Optimal Binning for Numerical Variables using Dynamic Programming
optimal_binning_numerical_dp.Rd
Performs optimal binning for numerical variables using a Dynamic Programming approach. It creates optimal bins for a numerical feature based on its relationship with a binary target variable, maximizing the predictive power while respecting user-defined constraints and enforcing monotonicity.
Usage
optimal_binning_numerical_dp(
target,
feature,
min_bins = 3L,
max_bins = 5L,
bin_cutoff = 0.05,
max_n_prebins = 20L,
convergence_threshold = 1e-06,
max_iterations = 1000L,
monotonic_trend = "auto"
)
Arguments
- target
An integer vector of binary target values (0 or 1).
- feature
A numeric vector of feature values.
- min_bins
Minimum number of bins (default: 3).
- max_bins
Maximum number of bins (default: 5).
- bin_cutoff
Minimum proportion of total observations for a bin to avoid being merged (default: 0.05).
- max_n_prebins
Maximum number of pre-bins before the optimization process (default: 20).
- convergence_threshold
Convergence threshold for the algorithm (default: 1e-6).
- max_iterations
Maximum number of iterations allowed (default: 1000).
- monotonic_trend
Monotonicity direction. One of 'auto', 'ascending', 'descending', or 'none' (default: 'auto').
Value
A list containing the following elements:
- id
Numeric vector of bin identifiers (1 to n).
- bin
Character vector of bin ranges.
- woe
Numeric vector of Weight of Evidence (WoE) values for each bin.
- iv
Numeric vector of Information Value (IV) for each bin.
- count
Numeric vector of total observations in each bin.
- count_pos
Numeric vector of positive target observations in each bin.
- count_neg
Numeric vector of negative target observations in each bin.
- event_rate
Numeric vector of event rates (proportion of positive events) in each bin.
- cutpoints
Numeric vector of cut points to generate the bins.
- total_iv
Total Information Value across all bins.
- converged
Logical indicating if the algorithm converged.
- iterations
Integer number of iterations run by the algorithm.
- execution_time_ms
Execution time in milliseconds.
- monotonic_trend
The monotonic trend used ('auto', 'ascending', 'descending', 'none').
Details
The Dynamic Programming algorithm for numerical variables works as follows:
Create initial pre-bins based on equal-frequency binning of the feature distribution
Calculate bin statistics: counts, event rates, WoE, and IV
If monotonicity is required, determine the appropriate trend:
In 'auto' mode: Calculate correlation between feature and target to choose direction
In 'ascending'/'descending' mode: Use the specified direction
Enforce monotonicity by merging adjacent bins that violate the monotonic trend
Ensure bin constraints are met:
If exceeding max_bins: Merge bins with the smallest WoE difference
Handle rare bins: Merge bins with fewer than bin_cutoff proportion of observations
Calculate final statistics for the optimized bins
The Weight of Evidence (WoE) measures the predictive power of each bin and is calculated as:
$$WoE = \ln\left(\frac{\text{Distribution of Events}}{\text{Distribution of Non-Events}}\right)$$
The Information Value (IV) for each bin is calculated as:
$$IV = (\text{Distribution of Events} - \text{Distribution of Non-Events}) \times WoE$$
The total IV is the sum of bin IVs and measures the overall predictive power of the feature.
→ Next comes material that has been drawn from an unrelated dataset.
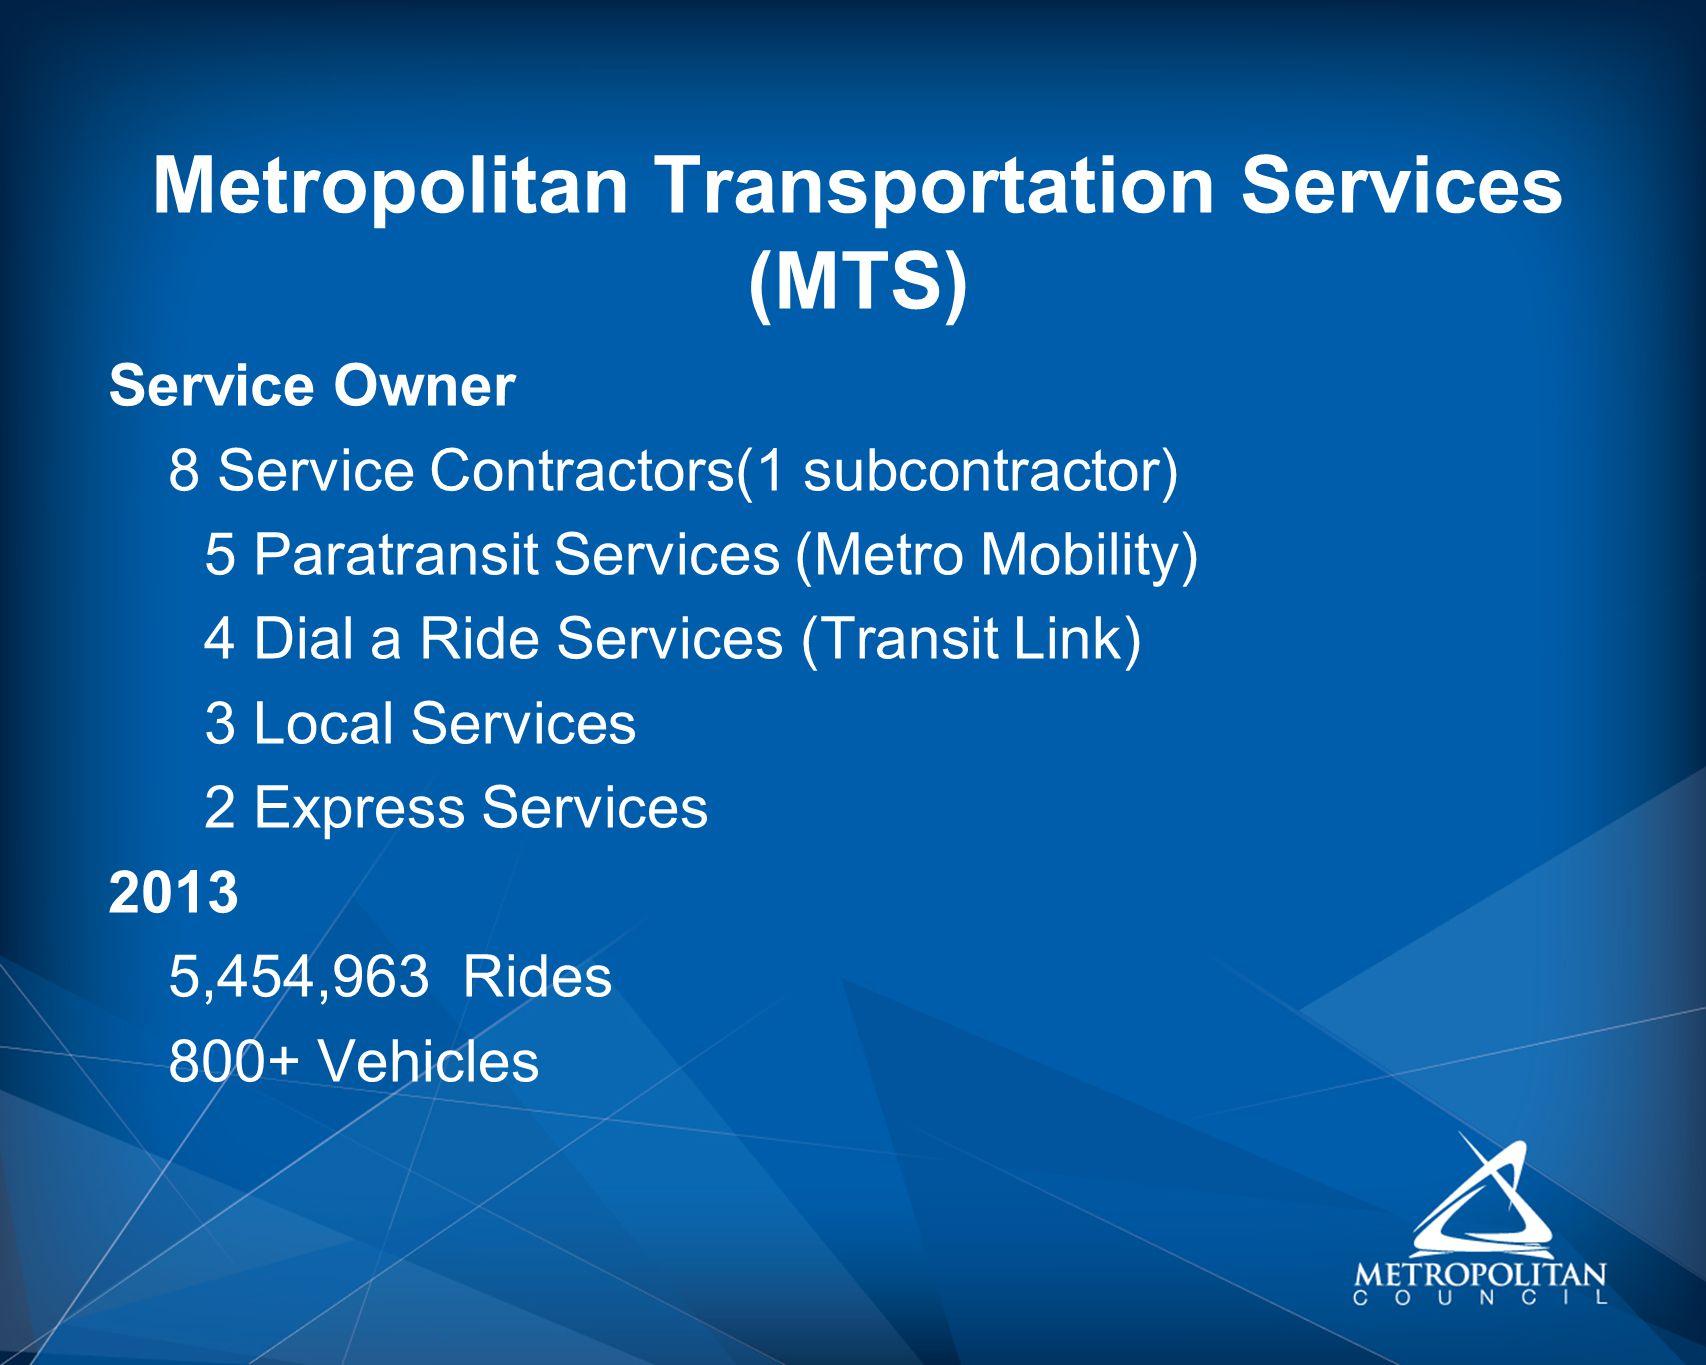 Service Owner 8 Service Contractors(1 subcontractor) 5 Paratransit Services (Metro Mobility) 4 Dial a Ride Services (Transit Link) 3 Local Services 2

This implementation is based on the methodology described in:
Navas-Palencia, G. (2022). "OptBinning: Mathematical Optimization for Optimal Binning". Journal of Open Source Software, 7(74), 4101.
Siddiqi, N. (2017). "Intelligent Credit Scoring: Building and Implementing Better Credit Risk Scorecards". John Wiley & Sons, 2nd Edition.
Thomas, L.C., Edelman, D.B., & Crook, J.N. (2017). "Credit Scoring and Its Applications". SIAM, 2nd Edition.
Kotsiantis, S.B., & Kanellopoulos, D. (2006). "Discretization Techniques: A recent survey". GESTS International Transactions on Computer Science and Engineering, 32(1), 47-58.
Monotonicity constraints are particularly important in credit scoring and risk modeling applications, as they ensure that the model behaves in an intuitive and explainable way.
Examples
# Create sample data
set.seed(123)
n <- 1000
target <- sample(0:1, n, replace = TRUE)
feature <- rnorm(n)
# Run optimal binning
result <- optimal_binning_numerical_dp(target, feature, min_bins = 2, max_bins = 4)
# Print results
print(result)
#> $id
#> [1] 1 2 3 4
#>
#> $bin
#> [1] "(-Inf;-1.691862]" "(-1.691862;0.031526]" "(0.031526;1.651915]"
#> [4] "(1.651915;+Inf]"
#>
#> $woe
#> [1] 0.18434380 0.02400115 0.01511220 -0.55136299
#>
#> $iv
#> [1] 0.0016962072 0.0002592498 0.0001027778 0.0147786563
#>
#> $count
#> [1] 50 450 450 50
#>
#> $count_pos
#> [1] 27 225 224 18
#>
#> $count_neg
#> [1] 23 225 226 32
#>
#> $event_rate
#> [1] 0.5400000 0.5000000 0.4977778 0.3600000
#>
#> $cutpoints
#> [1] -1.691862 0.031526 1.651915
#>
#> $total_iv
#> [1] 0.01683689
#>
#> $converged
#> [1] TRUE
#>
#> $iterations
#> [1] 17
#>
#> $execution_time_ms
#> [1] 0
#>
#> $monotonic_trend
#> [1] "descending"
#>